Barrett's oesophagus: Can meaningful screening and surveillance guidelines be formulated based on new data and rejigging the old paradigm?

Gastro-oesophageal reflux disease (GORD) and Barrett's oesophagus (BO) have been considered to be the most important known risk factors for oesophageal adenocarcinoma (OAC). It has been the fastest growing cancer in the Western World and has occurred against a backdrop of progressive reduction in the risk estimate of malignancy associated with BO and no reduction in mortality from OAC using the prevailing screening and surveillance guidelines. The recently published link between high risk HPV and Barrett's dysplasia/cancer may be the ‘missing’ strong risk factor responsible for the significant rise of OAC since the 1970's, as has been the case with head and neck tumours, another viral associated cancer. P53 immunohistochemistry has been proposed as a good molecular marker for predicting disease progression in BD. Nevertheless, significant negative staining for this mutation in BD remains a major hurdle to widespread routine clinical use as a sole molecular marker.

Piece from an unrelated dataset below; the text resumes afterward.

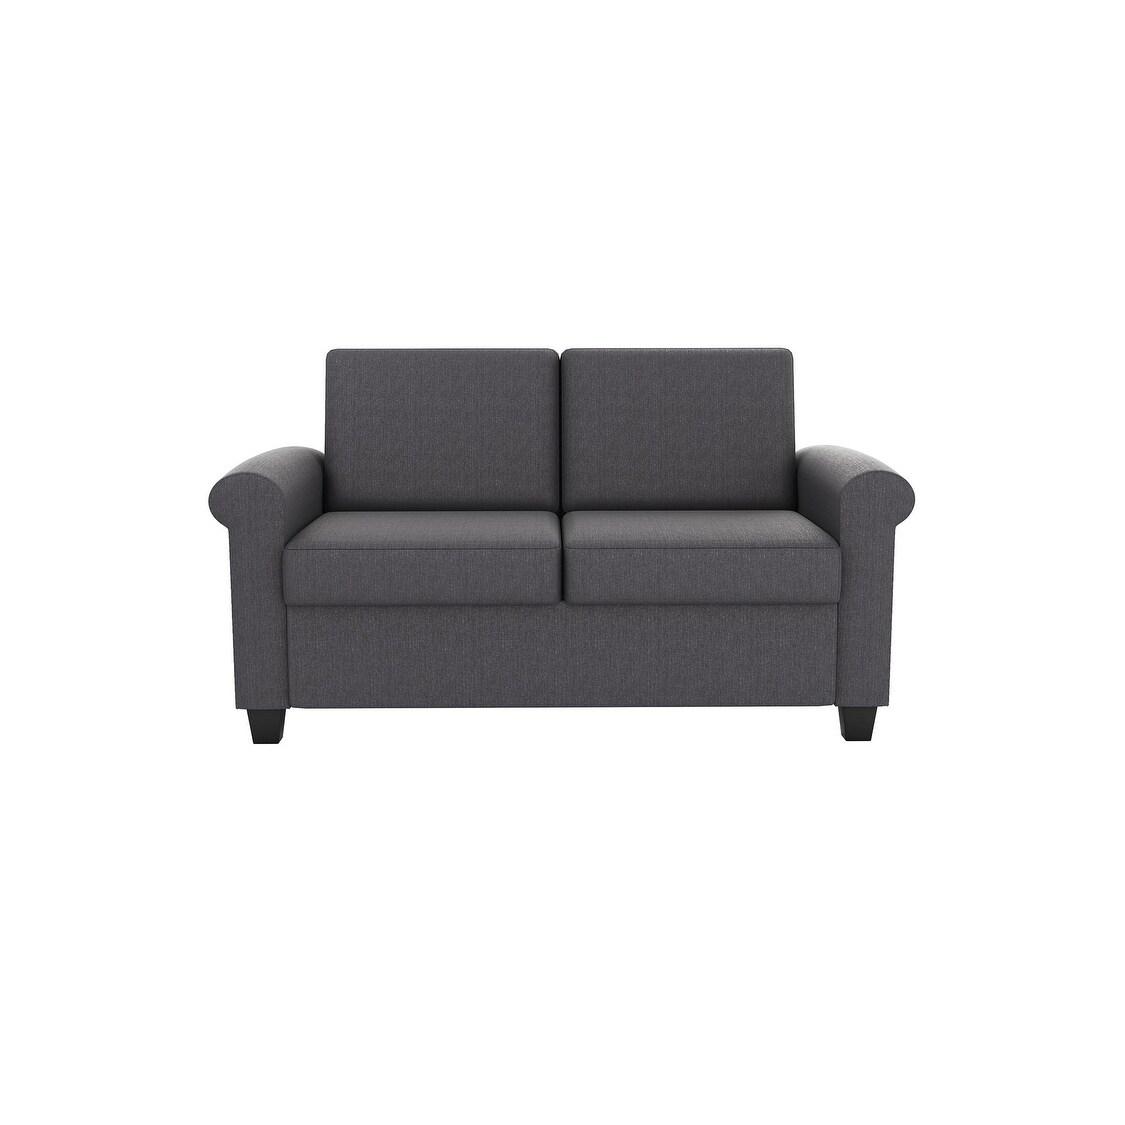 Dhp Logan Grey Linen Sleeper Sofa On Free Shipping Today 20717521

Recent data raises the distinct possibility of at least 2 (probably more) carcinogenic pathways operating in OAC. One is HPV mediated devoid largely of p53 mutations and the other p53 dependent. The joint use of both these markers as part of a molecular panel may represent the best bet yet of detecting the high risk group of progressors to OAC. Patients who are positive for either or both biomarkers i.e p53 or/and transcriptional markers of HPV may warrant more intensive screening. In future, genome wide technology may provide molecular signatures to aid diagnosis and risk stratification in BO.